Aim: When diagnosing chronic hepatitis, usual ultrasonography is not safe enough when determining
the difference between certain fibrosis stages. We tried to assess the usefulness
of the computerized texture image analysis in noninvasive assessment of fibrosis stage
in chronic hepatitis C patients.
Methods: We've selected 58 chronic hepatitis C patients, which have pure fibrosis (F0-F4)
without any steatosis. We used a Logiq 7 scanner with the same working parameters
for all patients. On each evaluated image, we established a Region of Interest and
we extracted 166 features using 4 algorithms from it. The values resulted after applying
the algorithms were analyzed and sorted according to their statistical relevance for
each fibrosis stage (we used t-Student's test for a p<0.05)

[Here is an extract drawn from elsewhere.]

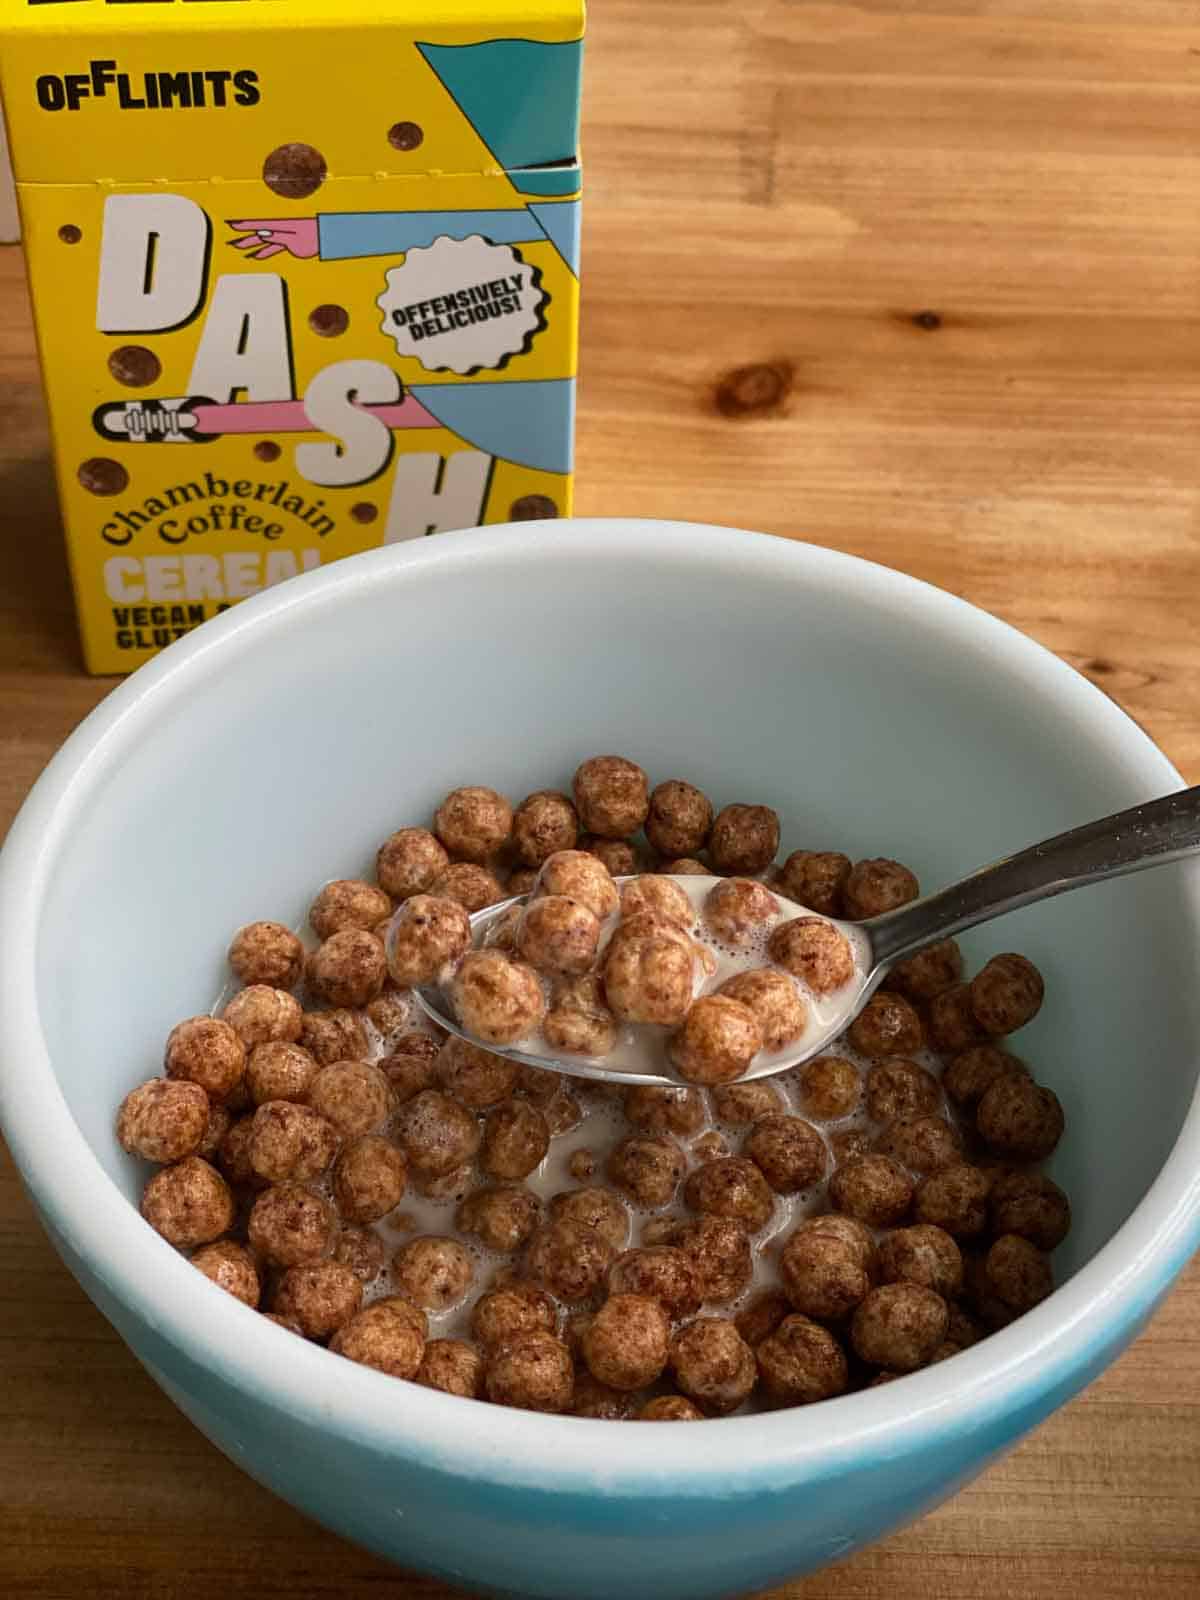 coffee OffLimits cereal in bowl with spoonful of cereal and milk lifted

Results: From the 4 tested algorithms the GLCM statistics gave us the most relevant features
in order to differentiate fibrosis grades. Using all the generated features we observed
that in differentiating F0 from F1 9 features (18.36%) were statistically relevant,
13 features (26.53%) – in differentiating F1-F2, 47 features (95.9%) – in differentiating
F2-F3 and 32 features (65.3%) – in differentiating F3-F4.

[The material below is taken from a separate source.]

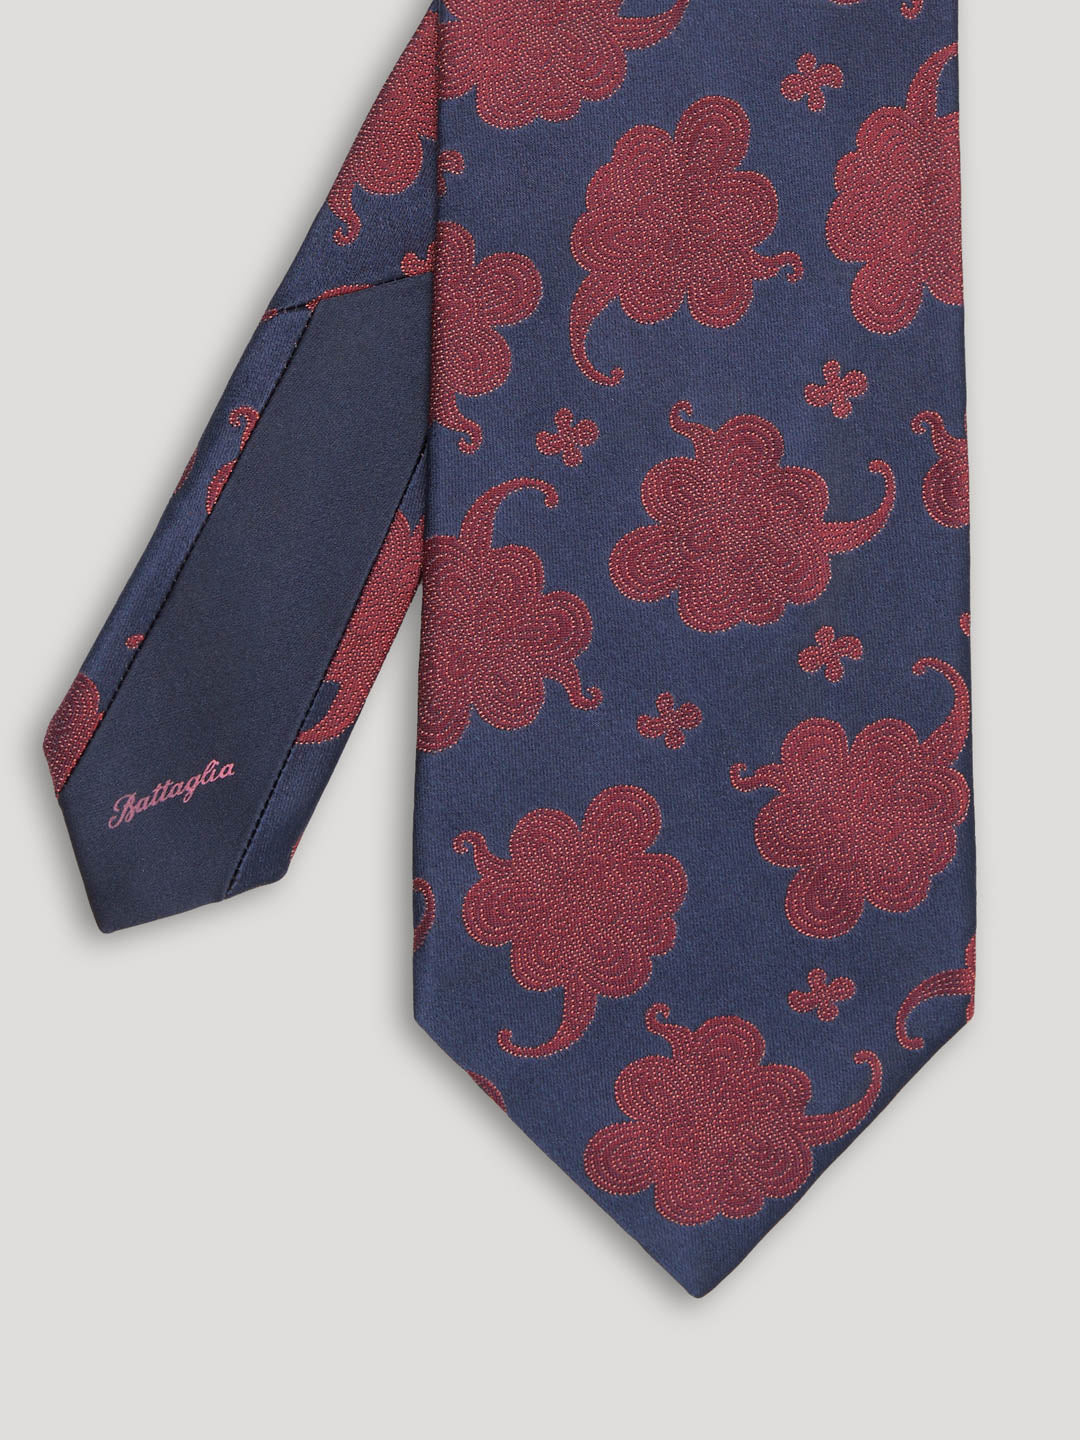 Navy and red paisley tie.

Conclusions: Although there is no a single feature that has a relevance over 95% in all comparison
cases, our findings suggest that a combination of features must be used in order to
successfully diagnose the fibrosis stage. The direct medical benefit will resume in
a possible distinction between patients without significant fibrosis and those with
severe fibrosis or cirrhosis, distinction which is a very important prognosis factor.